Up to date as of January 14, 2010

From LoveToKnow 1911

MEDAL (Fr. medaille, from Lat. metallum), strictly the term given to a memorial piece, originally of metal, and generally in the shape of a coin, used however not as currency but as an artistic product. "Medallion" is a similar term for a large medal, but is now usually restricted to a form of bas-relief in sculpture. The term "medal" is, artistically, extended by analogy to pieces of the same character not necessarily shaped like coins. The history of coins and medals is inseparable, and is treated under the general heading of Numismatics. That article may be supplemented here by an account of (1) the more recent progress in the art of the medallist, and (2) the use of medals for war decorations.

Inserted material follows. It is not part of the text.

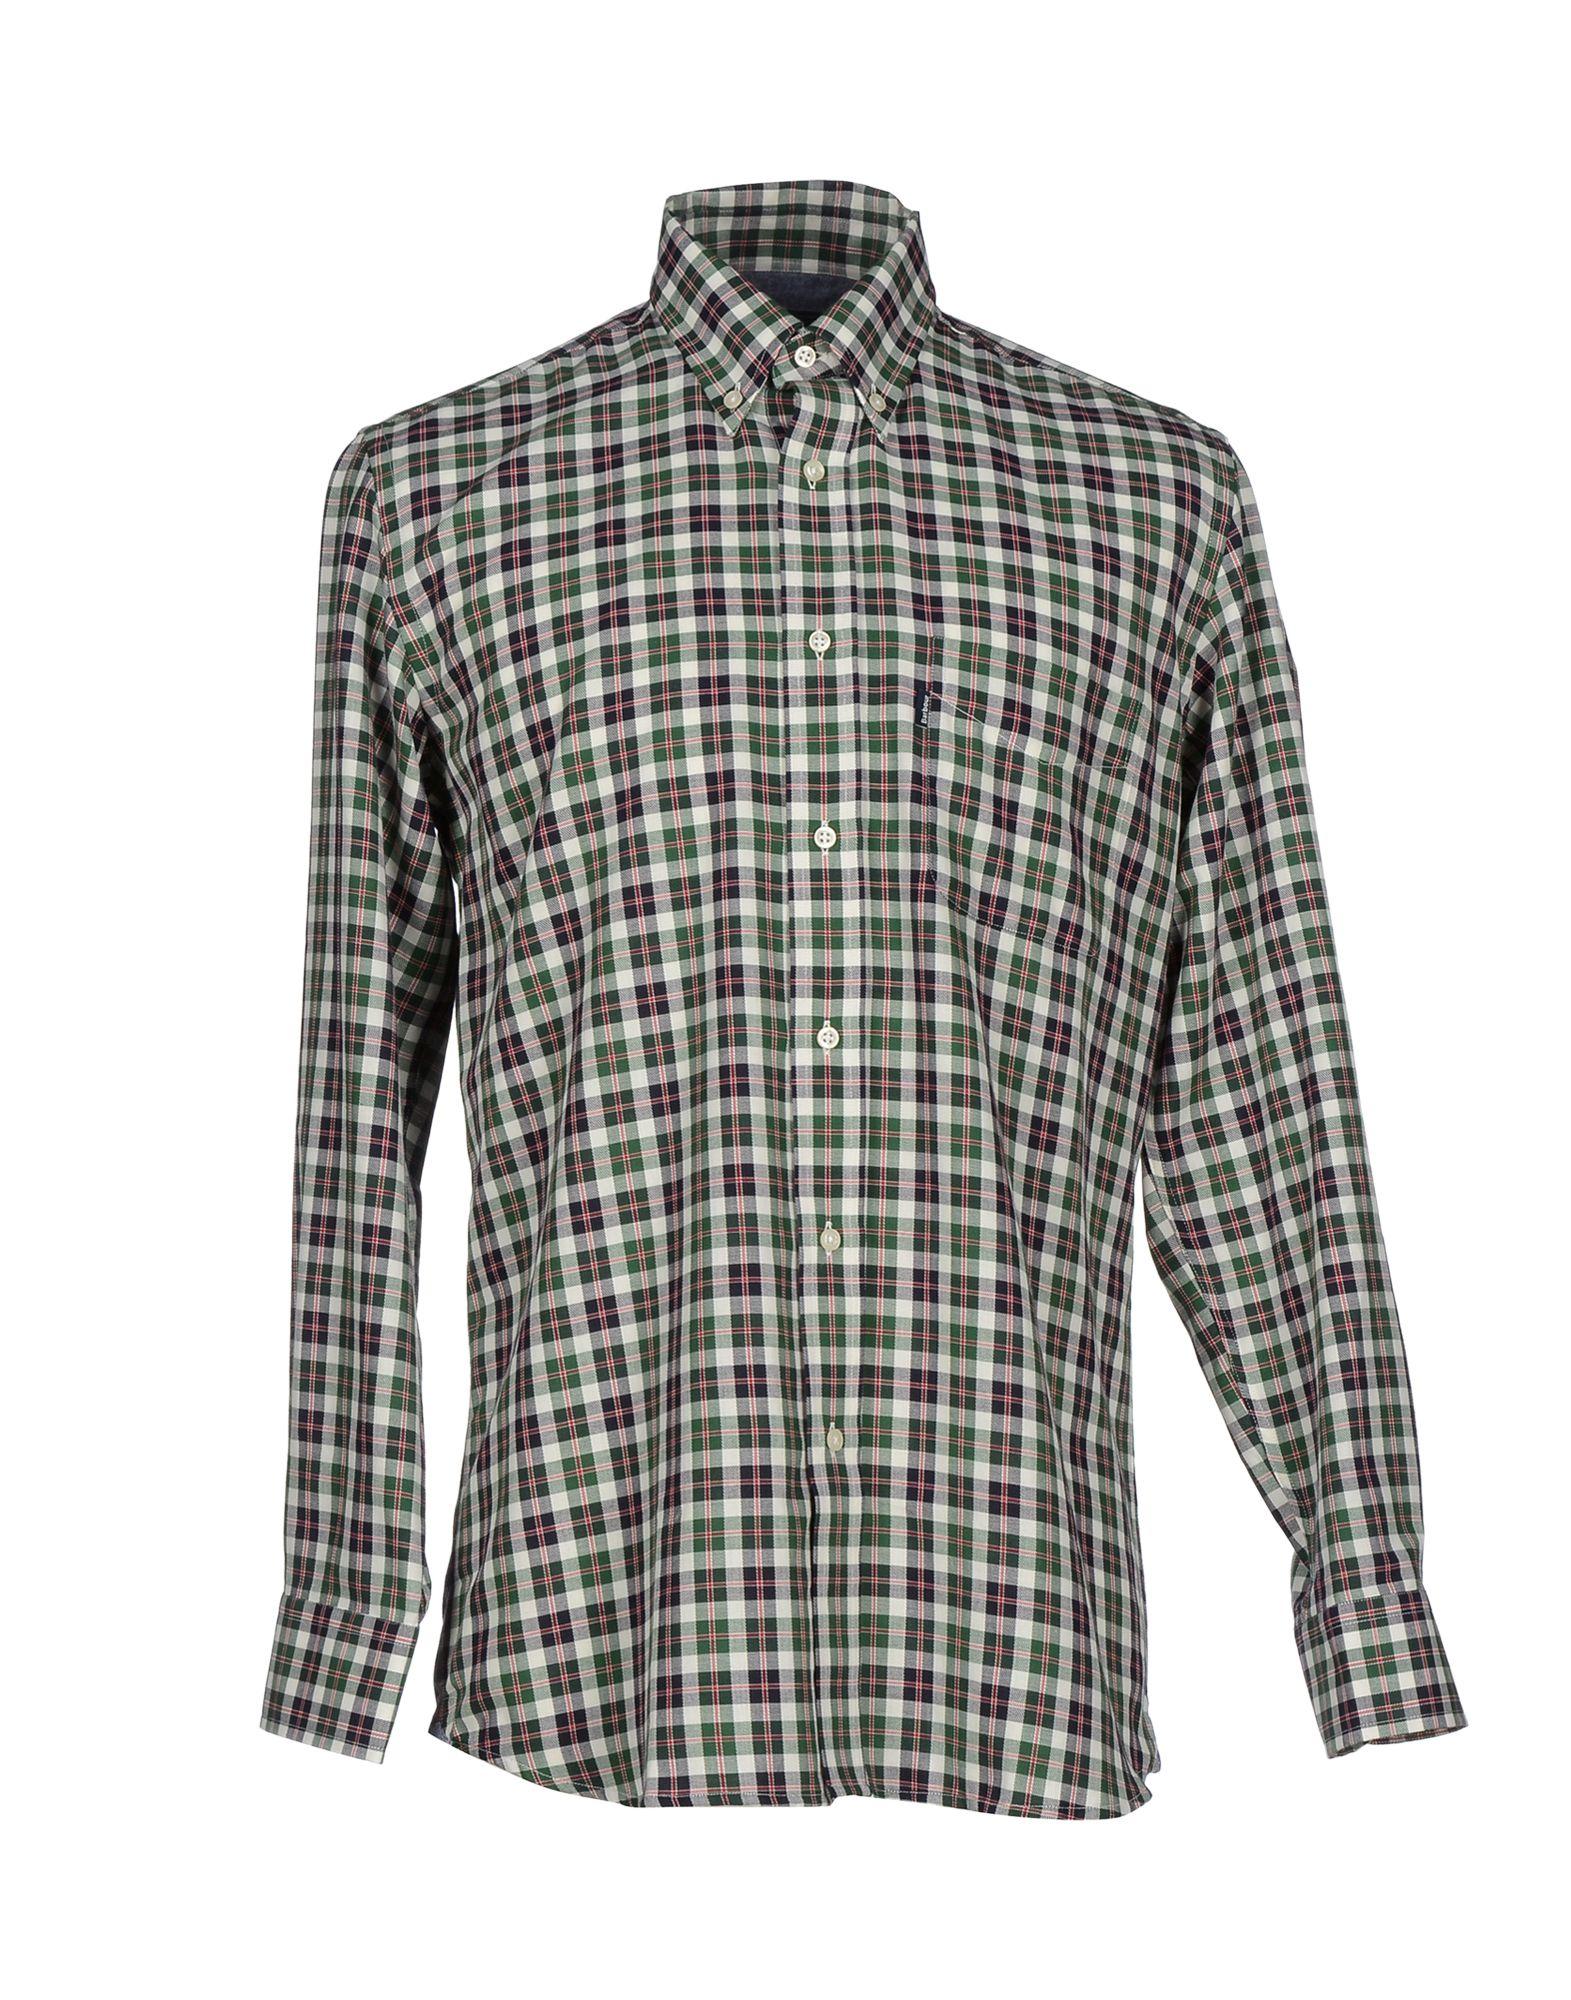 Barbour Shirt In Black For Men Lyst

1. The medal - as it is understood to-day - enjoys a life entirely independent of the coin on the one hand, and, on the other, of the sculptured medallion, or bas-relief; and its renaissance is one of the chief phenomena in art during the period since about 1870. It is in France that it has risen to the greatest perfection. Its popularity there is well-nigh universal; it is esteemed not only for memorials of popular events and of public men, but also for private celebrations of all kinds. No other nation approaches in excellence - in artistic feeling, treatment, and sensitiveness of execution - the artists and the achievements of France. In England, although the Royal Academy seeks to encourage its students to practise the art, the prize it offers commonly induces no competition. The art of the medallist is not properly appreciated or understood, and receives little or no support. The prevailing notion concerning it is that it consists in stamping cheap tokens out of white metal or bronze, on which a design, more or less vulgar, stands out in frosty relief from a dazzling, glittering background. These works, even the majority of military and civic medals, demonstrate how the exquisite art of the Renaissance had been degraded in England - almost without protest or even recognition - so that they are, to a work of Roty or Chaplain, what a nameless daub would be to a picture by Rembrandt or Velasquez.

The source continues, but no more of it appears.